YOUR ASSIGNMENT: Reproduce the whole listing, keeping each word unchanged.

=== DATA LISTING ===

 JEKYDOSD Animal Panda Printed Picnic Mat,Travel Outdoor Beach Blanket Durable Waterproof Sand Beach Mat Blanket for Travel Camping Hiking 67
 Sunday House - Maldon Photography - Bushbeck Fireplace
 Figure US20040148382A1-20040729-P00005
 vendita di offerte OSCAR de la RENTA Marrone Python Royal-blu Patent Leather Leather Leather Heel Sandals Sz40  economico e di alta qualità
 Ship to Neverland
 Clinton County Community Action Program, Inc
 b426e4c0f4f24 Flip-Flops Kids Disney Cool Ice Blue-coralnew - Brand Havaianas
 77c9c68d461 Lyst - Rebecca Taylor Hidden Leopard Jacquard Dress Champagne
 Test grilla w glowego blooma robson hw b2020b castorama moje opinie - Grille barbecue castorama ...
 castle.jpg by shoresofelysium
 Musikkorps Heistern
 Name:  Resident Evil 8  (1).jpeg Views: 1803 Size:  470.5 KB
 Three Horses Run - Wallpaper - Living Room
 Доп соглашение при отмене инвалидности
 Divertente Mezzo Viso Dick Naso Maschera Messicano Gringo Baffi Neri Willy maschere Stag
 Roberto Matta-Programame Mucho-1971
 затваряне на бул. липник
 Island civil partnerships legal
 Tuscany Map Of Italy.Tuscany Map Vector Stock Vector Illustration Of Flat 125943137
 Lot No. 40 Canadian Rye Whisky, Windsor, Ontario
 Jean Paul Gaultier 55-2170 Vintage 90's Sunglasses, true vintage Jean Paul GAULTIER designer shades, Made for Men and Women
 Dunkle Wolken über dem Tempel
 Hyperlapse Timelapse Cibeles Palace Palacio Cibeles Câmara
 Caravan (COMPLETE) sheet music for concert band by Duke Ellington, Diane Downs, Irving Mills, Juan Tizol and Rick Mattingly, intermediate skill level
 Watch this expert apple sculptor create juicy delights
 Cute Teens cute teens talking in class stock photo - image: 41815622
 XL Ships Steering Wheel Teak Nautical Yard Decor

===

REPLY:
 JEKYDOSD Animal Panda Printed Picnic Mat,Travel Outdoor Beach Blanket Durable Waterproof Sand Beach Mat Blanket for Travel Camping Hiking 67
 Sunday House - Maldon Photography - Bushbeck Fireplace
 Figure US20040148382A1-20040729-P00005
 vendita di offerte OSCAR de la RENTA Marrone Python Royal-blu Patent Leather Leather Leather Heel Sandals Sz40  economico e di alta qualità
 Ship to Neverland
 Clinton County Community Action Program, Inc
 b426e4c0f4f24 Flip-Flops Kids Disney Cool Ice Blue-coralnew - Brand Havaianas
 77c9c68d461 Lyst - Rebecca Taylor Hidden Leopard Jacquard Dress Champagne
 Test grilla w glowego blooma robson hw b2020b castorama moje opinie - Grille barbecue castorama ...
 castle.jpg by shoresofelysium
 Musikkorps Heistern
 Name:  Resident Evil 8  (1).jpeg Views: 1803 Size:  470.5 KB
 Three Horses Run - Wallpaper - Living Room
 Доп соглашение при отмене инвалидности
 Divertente Mezzo Viso Dick Naso Maschera Messicano Gringo Baffi Neri Willy maschere Stag
 Roberto Matta-Programame Mucho-1971
 затваряне на бул. липник
 Island civil partnerships legal
 Tuscany Map Of Italy.Tuscany Map Vector Stock Vector Illustration Of Flat 125943137
 Lot No. 40 Canadian Rye Whisky, Windsor, Ontario
 Jean Paul Gaultier 55-2170 Vintage 90's Sunglasses, true vintage Jean Paul GAULTIER designer shades, Made for Men and Women
 Dunkle Wolken über dem Tempel
 Hyperlapse Timelapse Cibeles Palace Palacio Cibeles Câmara
 Caravan (COMPLETE) sheet music for concert band by Duke Ellington, Diane Downs, Irving Mills, Juan Tizol and Rick Mattingly, intermediate skill level
 Watch this expert apple sculptor create juicy delights
 Cute Teens cute teens talking in class stock photo - image: 41815622
 XL Ships Steering Wheel Teak Nautical Yard Decor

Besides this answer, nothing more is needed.